Эта история начинается в одном из таких кафе. Находилось оно на перекрестке в таинственной Праге – городе серых устрашающих башен, тяжелых теней и образцовых чудаков. В молодости я очень любил это кафе. Как магнит притягивали меня бесконечные дискуссии в сигаретном дыму, эта крайне опасная атмосфера, смесь товарищества и враждебности, трогательной готовности помочь и ядовитейшей критики и высокомерия. Для каждого молодого художника это «кафе „Мания величия“» было необходимым испытанием огнем, которое надлежало выдержать, чтобы войти в круг избранных, преодолевших в себе «буржуазность». В весьма редких случаях это кафе становилось веселым чистилищем славы; причем, разумеется, в глазах завсегдатаев слава была рецидивом буржуазности.
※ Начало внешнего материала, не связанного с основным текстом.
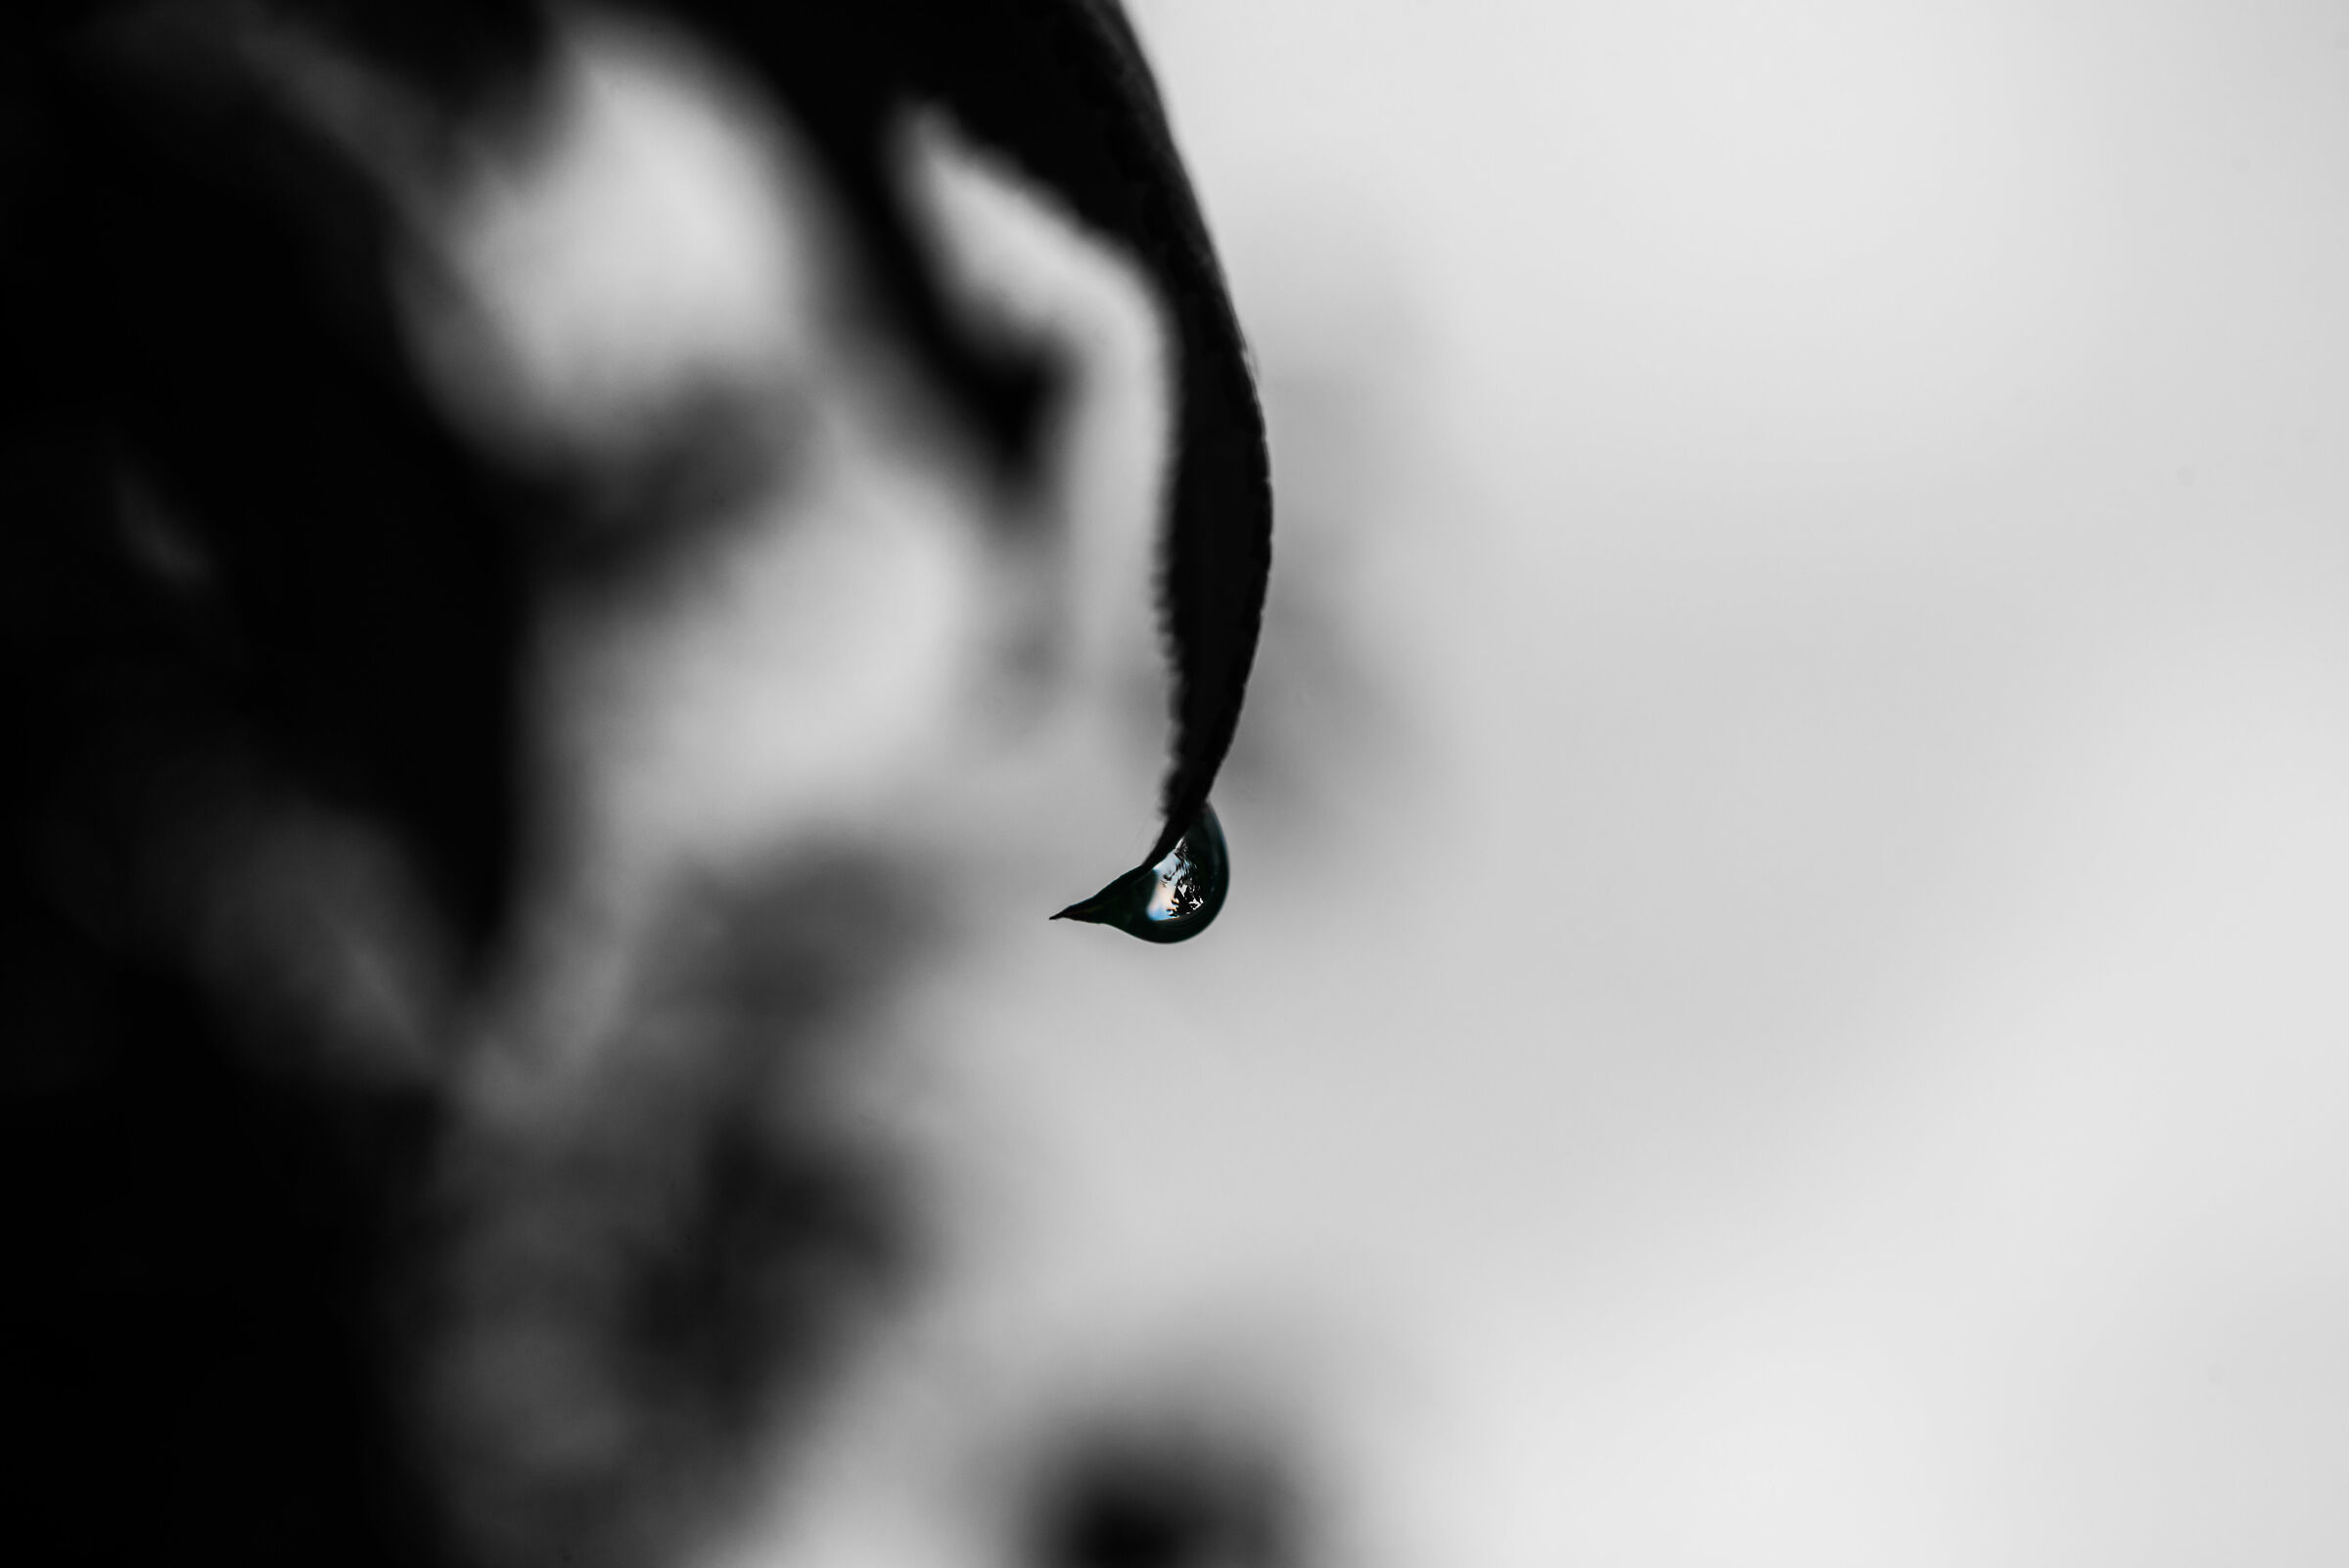 Your face in the drop......

Тогда, туманным декабрьским вечером, я сидел в этом кафе с друзьями, хотя был солдатом. Именно тогда я год служил по призыву капралом «императорски-королевского артиллерийского полка». Несколько недель назад вышла моя первая книга – томик стихов под названием «Друг мира». Книга вызвала определенную сенсацию. (В моей родной Праге сенсация получилась исключительно неприятная.) Все-таки среди своих друзей-сверстников я обладал преимуществом: я стал «напечатанным автором», которого одни газеты благосклонно оглаживали, а другие – насмешливо одергивали. Поскольку мне удалось вызвать общественную дискуссию, за столом я оказался в центре нашей компании. Помнится, в тот декабрьский вечер мы говорили о Достоевском. Впрочем, в какой вечер, в какое время года мы не говорили о Достоевском? Он был святым заступником нашего поколения. Вероятно, мы как раз обсуждали «Идиота», когда к нашему столу приблизилось существо, которое будто бы спрыгнуло со страниц этой книги. То был маленький человечек, гном, домовой-доходяга, хотя, несомненно, еще молодой. Он странно держал руки – скрещивал их на животе, и они вяло свисали, как нераскрывшиеся листья. Домовой склонил голову на правое плечо. У него была большая голова, такая огромная, что ее по праву можно было бы обозначить медицинским термином «голова гидроцефала». Над сильно выпуклым лбом рос пучок черных растрепанных волос. Из-под тонких бровей испуганно глядели на нас красивые темные глаза. Никогда больше ни у кого, даже у животных, я не видел такого проникновенного взгляда, в котором накрепко спаяны были страх, страстность и грусть. Вишневые губы – или лучше сказать «губки» – были по-детски сложены сердечком, что контрастировало с гигантским черепом и грустными глазами. Но когда ротик раскрылся, дыра на месте выпавшего зуба больше бросалась в глаза, чем здоровые зубы. Гном дважды обошел наш стол кругом. Голову он все время клонил на правое плечо. Она была слишком тяжела для тонкой шеи. Еще я обратил внимание на праздничную протершуюся визитку, которая бесформенным мешком висела на маленьком тельце. Словно карлику в наследство досталась одежда великана. Внезапно я почувствовал, как это существо подошло ко мне сзади вплотную. Мое ухо просквозил шепот, в котором дрожь ужаса разбавлена была певучестью, с какой ребенок декламирует стихотворение.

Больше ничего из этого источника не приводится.